A public plaza – the heart of the centre – is also in Phase 1, with fountains, seating, mood lighting, restaurants and space to host such events as farmers’ markets, arts and crafts shows and live entertainment. “It’s an attractive space to be in,” says Beaudreault. “People will want to be there.” The architect predicts the residential towers will also be popular, partly because of the expansive views. Most buildings in Colwood now are no higher than two storeys. “Oh yea, there’ll be ocean views, there’ll be mountain views as well,” says Beaudreault. “When you build a 27-storey highrise, there are lots of views.”
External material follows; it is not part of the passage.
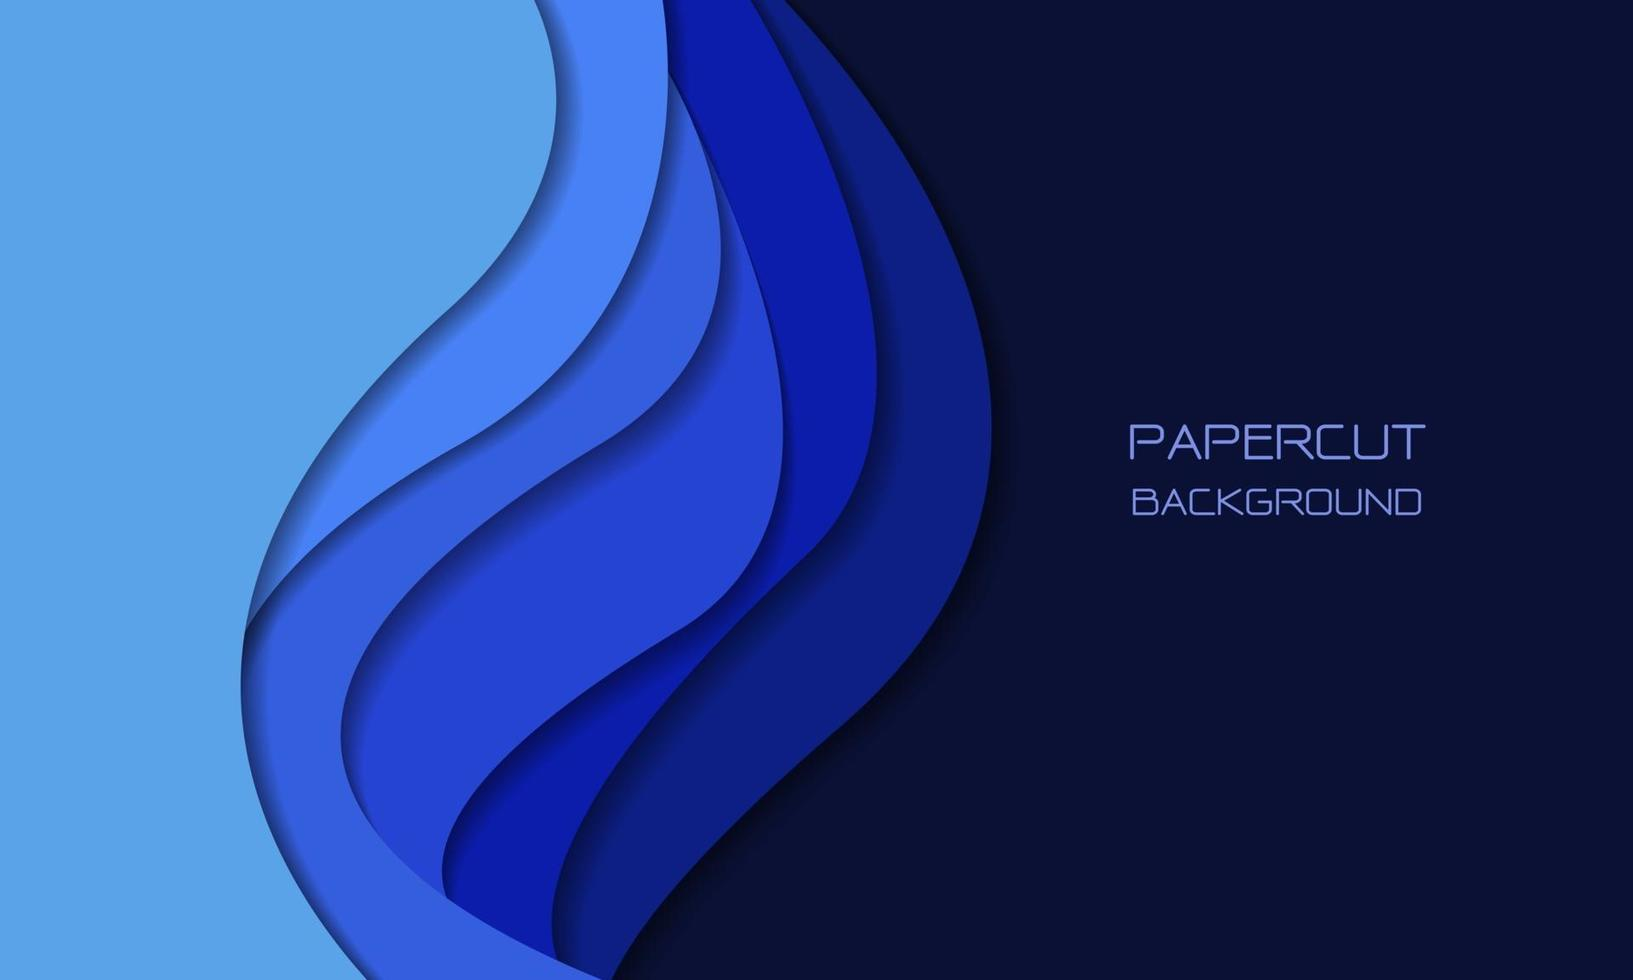 abstrakt blå ton pappersskuren 3d lager överlappar konst med tomt utrymme design modern futuristisk bakgrundsstruktur vektorillustration. vektor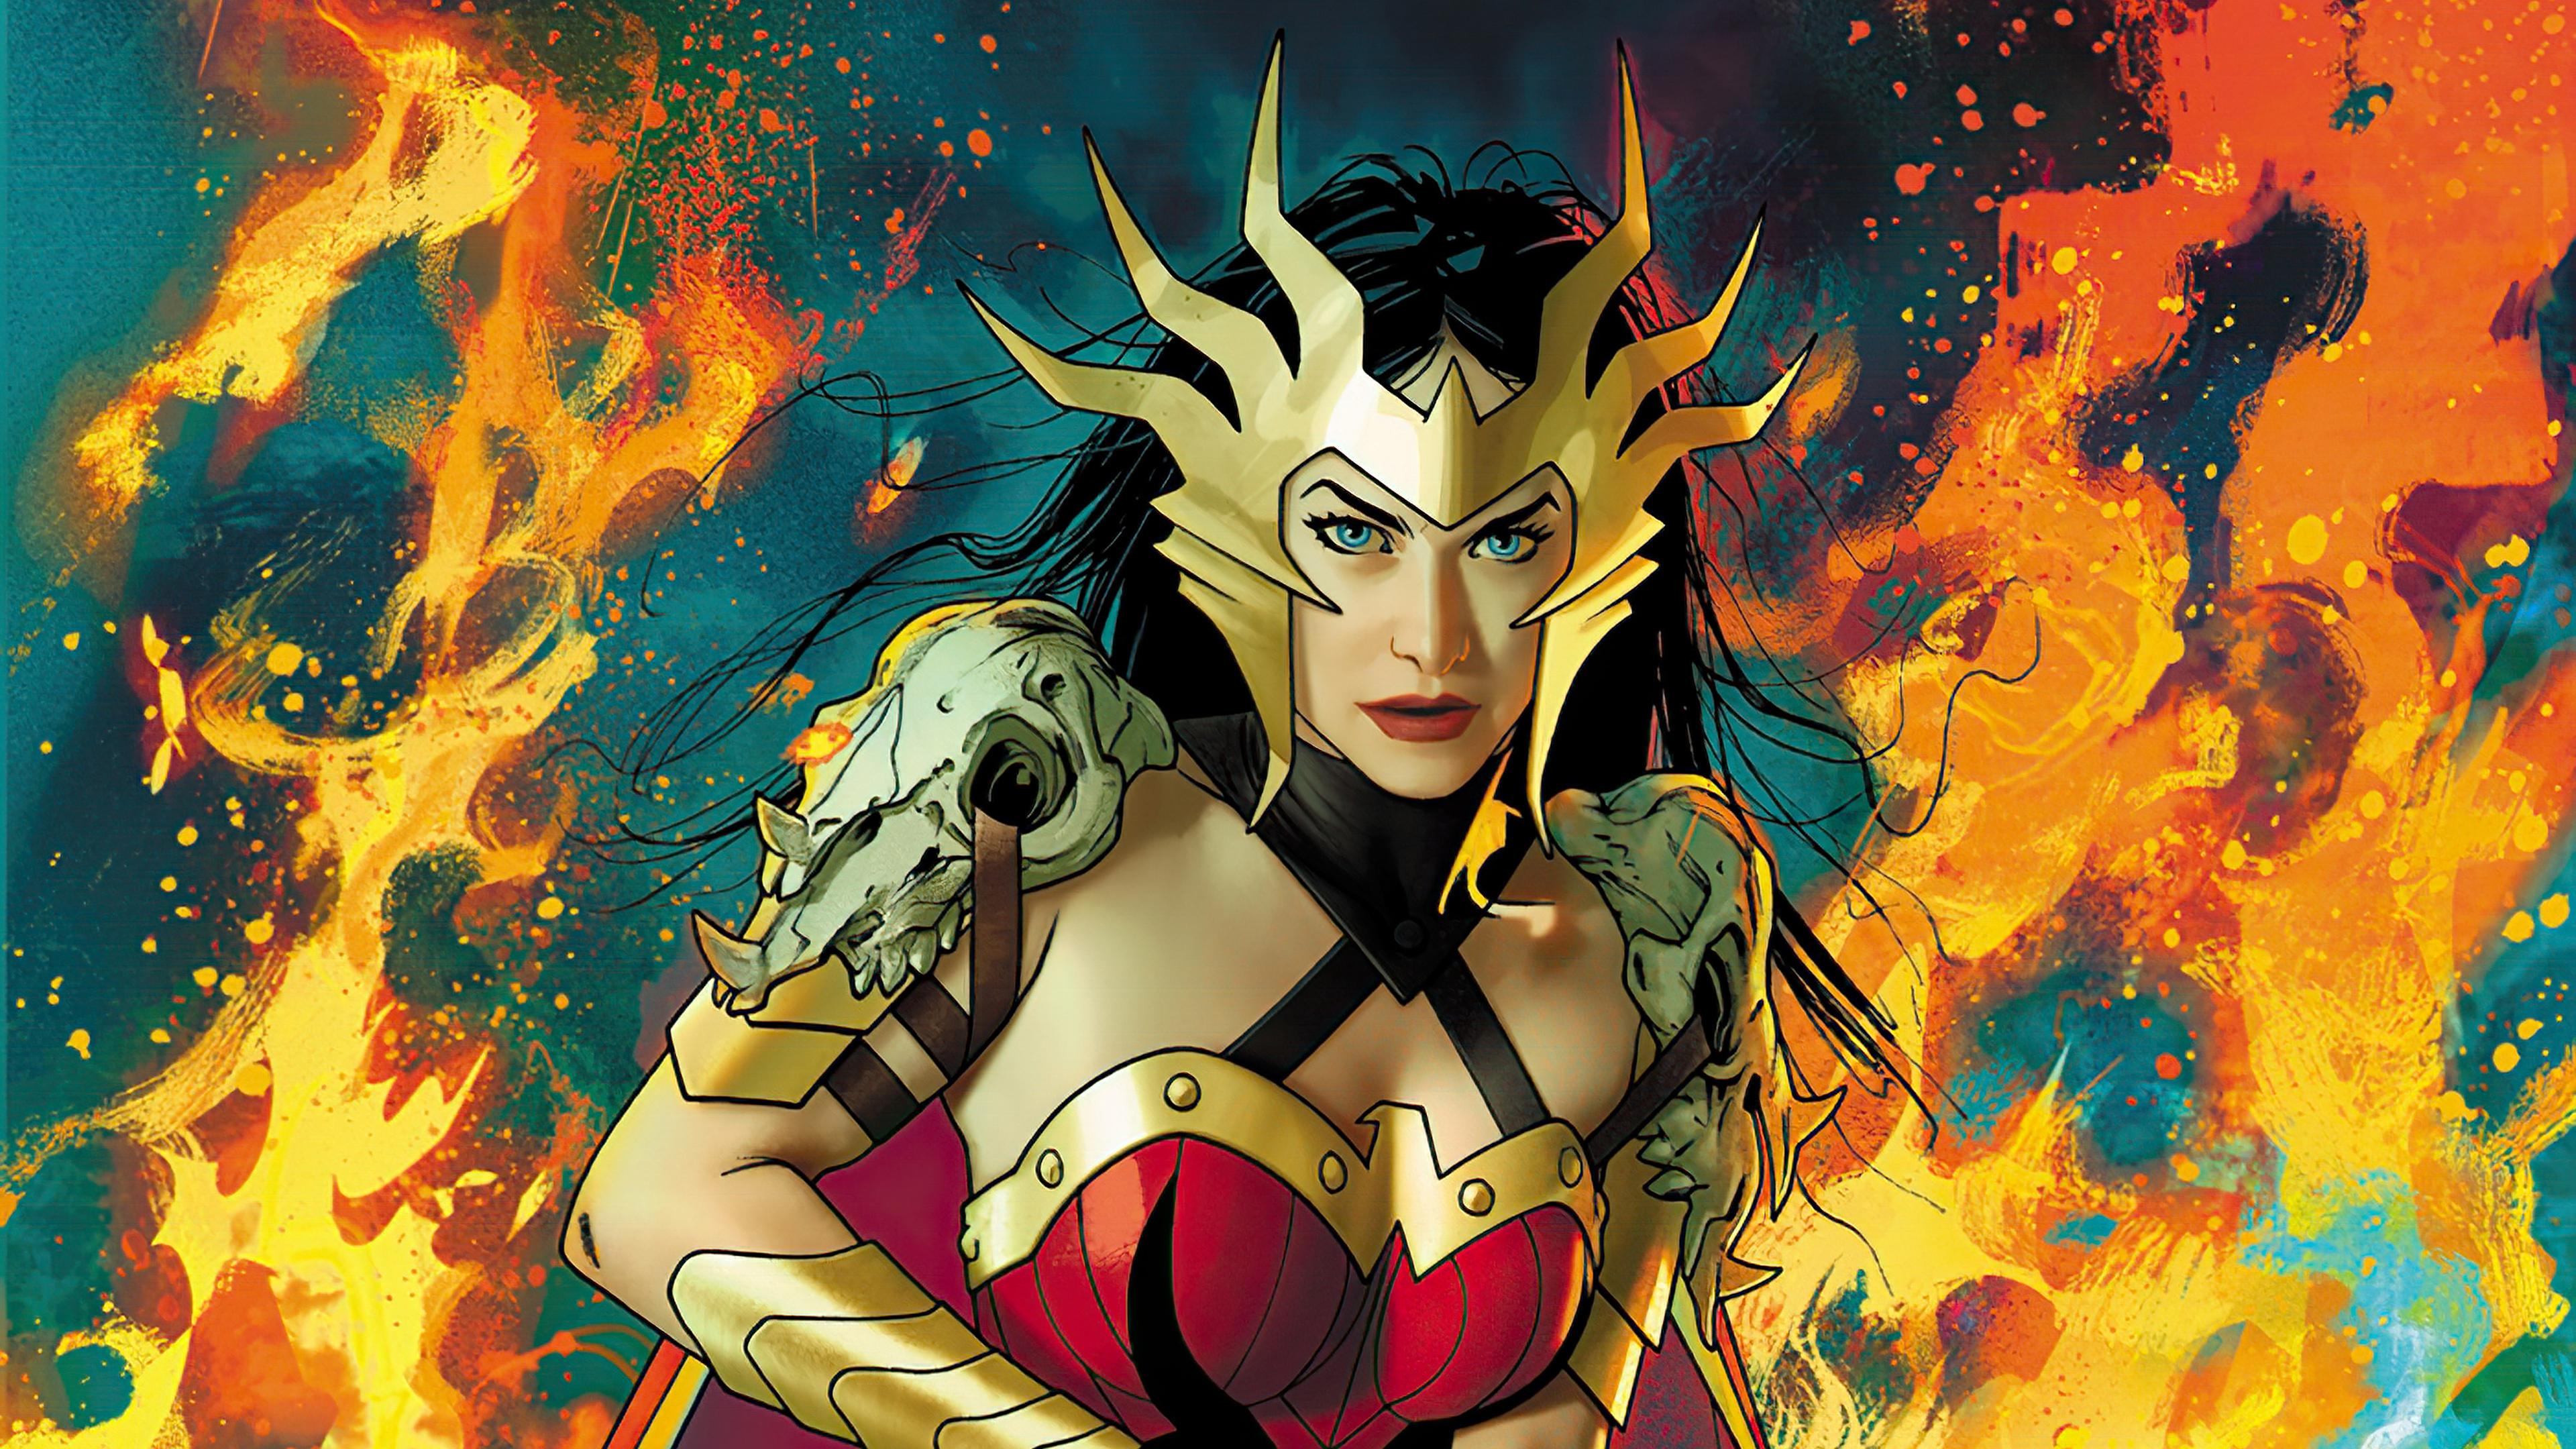 deathmetal wonder woman cover 4k 1619216040 - Deathmetal Wonder Woman Cover 4k - Deathmetal Wonder Woman Cover 4k wallpapers

The development will also have “green” features – both literally and figuratively. Three of the buildings will have rooftops seeded with grasses so people looking down from their highrise homes won’t see blacktop. LEAGUE is also exploring an energy system that would transfer unwanted heat from retail space to residential space. The project will extend over 20 years. When complete, it will house about 4,000 people in 2,200 strata units divided among 12 highrise towers, two mid-rise buildings and a yet-to-be-determined number of two-storey townhouses.

Last fall, the developer met its presale requirement in its first condominium building – a four-storey wood frame building – and plans to put the remaining units on the market closer to completion, about two years from now.